Due to their complexity and time horizon, strategic analytics are tough to measure in terms of efficacy. Operational models are far easier to measure, while strategic models are sexier and costlier to build. Until you have had repeated good results with operational models, you should stay away from strategic models. The low-hanging fruit are in operational analytics. Moreover, there are a myriad of them that could quickly generate real ROI and may only require “little data.”

Paralysis by analysis. You could spend a long time drifting in the big data ocean and paralysis by analysis could easily set in. Remember, there will always be flaws in your historical data, and no model can be perfect, so do not let perfection become the enemy of good. This is not an academic exercise and you do not have an unlimited budget. All analytics need to be improved, so do it incrementally. Lastly, after many iterations and revisions and based on your real-life experiences, if the model still does not make sense to you, toss it out and move on.

Educate and understand. What problems are you really trying to solve? Many organizations waste time and money building models for problems they really do not have or understand. Due to hype, department managers come to believe the model will fix operational problems. Department managers need to be trained in how to use and interpret these powerful tools. Understand what the tool can and can’t do and what the real limitations of the model are. This step must come first or analytics projects can easily run amok

If you use outside resources, make sure they understand the healthcare industry and your particular venue. Being expert in quantitative tools is not enough. Having a sound footing in the complex relationships that drive the delivery of patient care is critical to the success of employing analytical tools.

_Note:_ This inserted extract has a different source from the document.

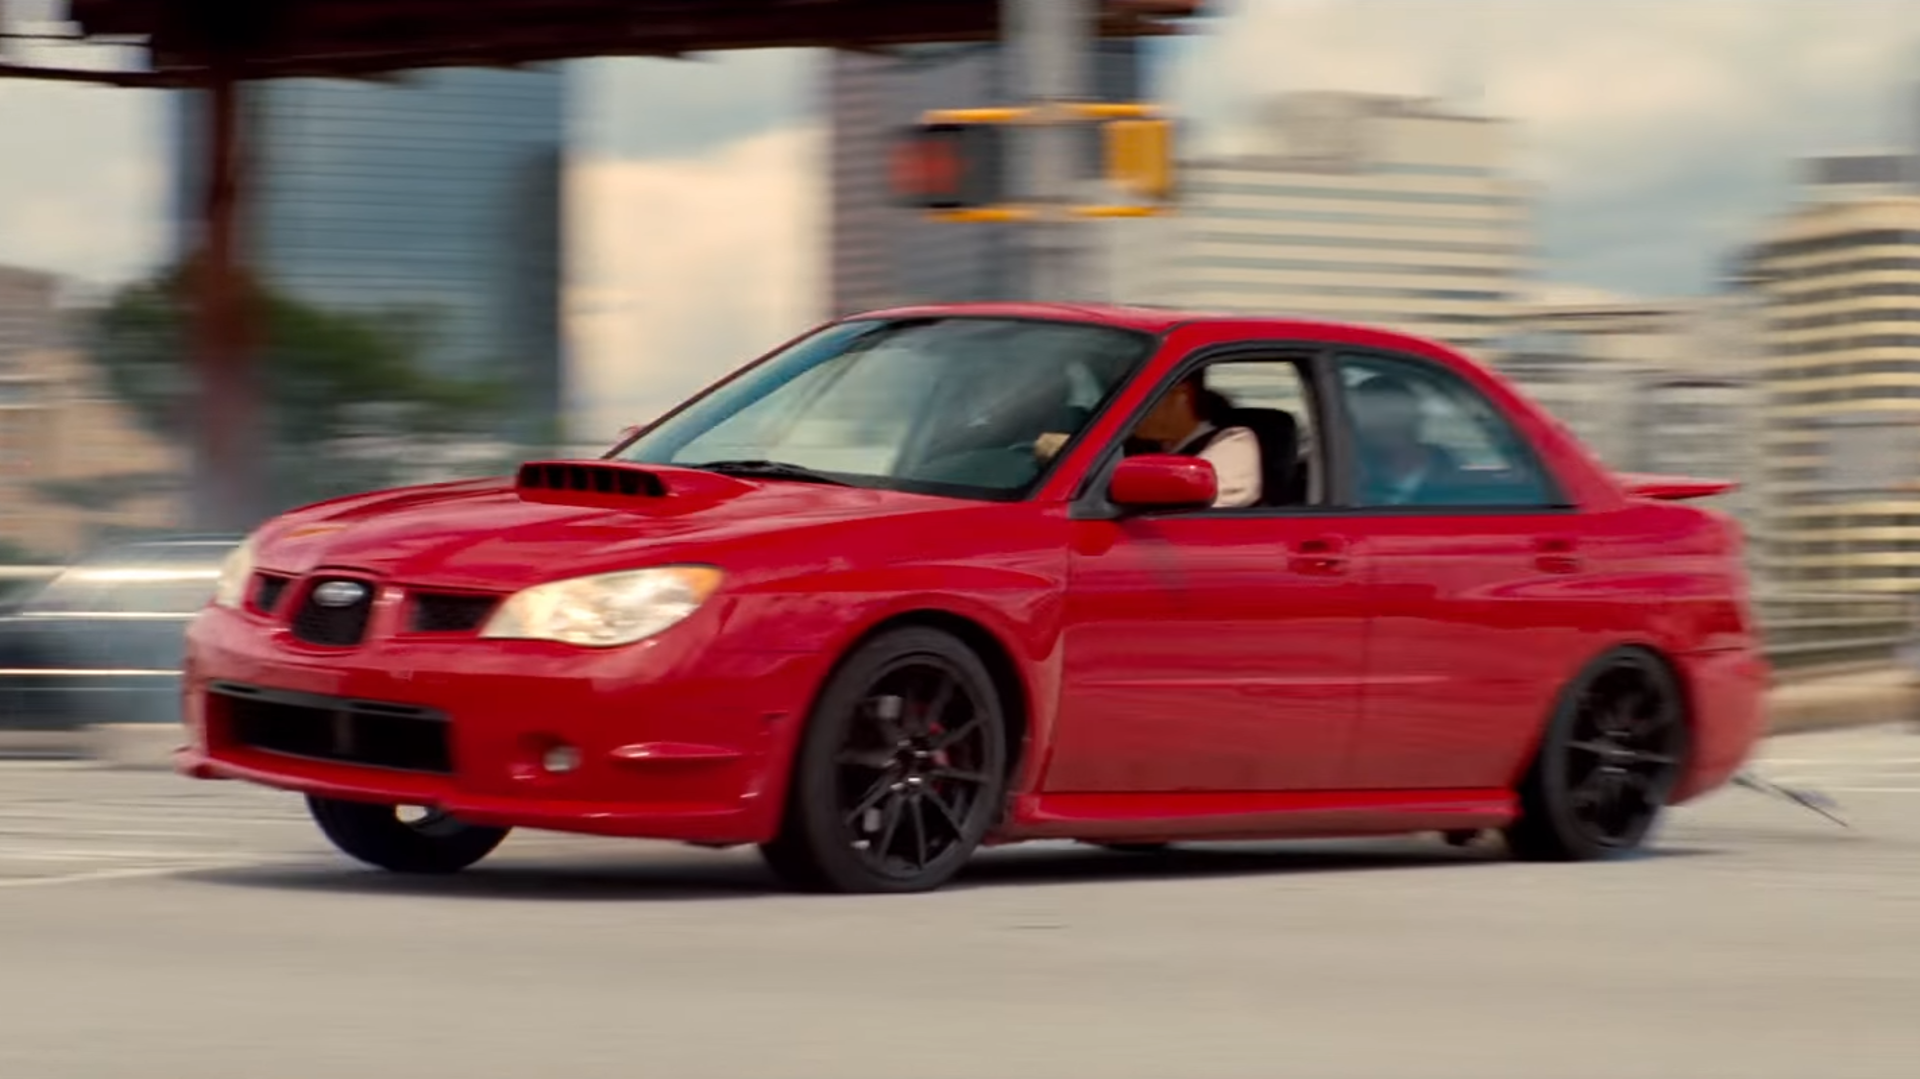 The Baby Driver WRX Ended Up Selling for $69,100

The annual budget is an excellent example of an operational model. Before you jump into BD, take this test. How effective is your organization at budgeting? How close do you routinely come to hitting budget targets? Have you used variable budgeting successfully?

If you can’t answer these questions positively, you are not ready to swim in the BD ocean. Big data and analytics can be powerful tools when used with foresight and care. Applying BD without clearly identifying your objectives, being familiar with the weaknesses of your data, and not understanding the limits of mathematical modeling or analytical tools will be a costly and fruitless exercise.

Frank Poggio is president of The Kelzon Group.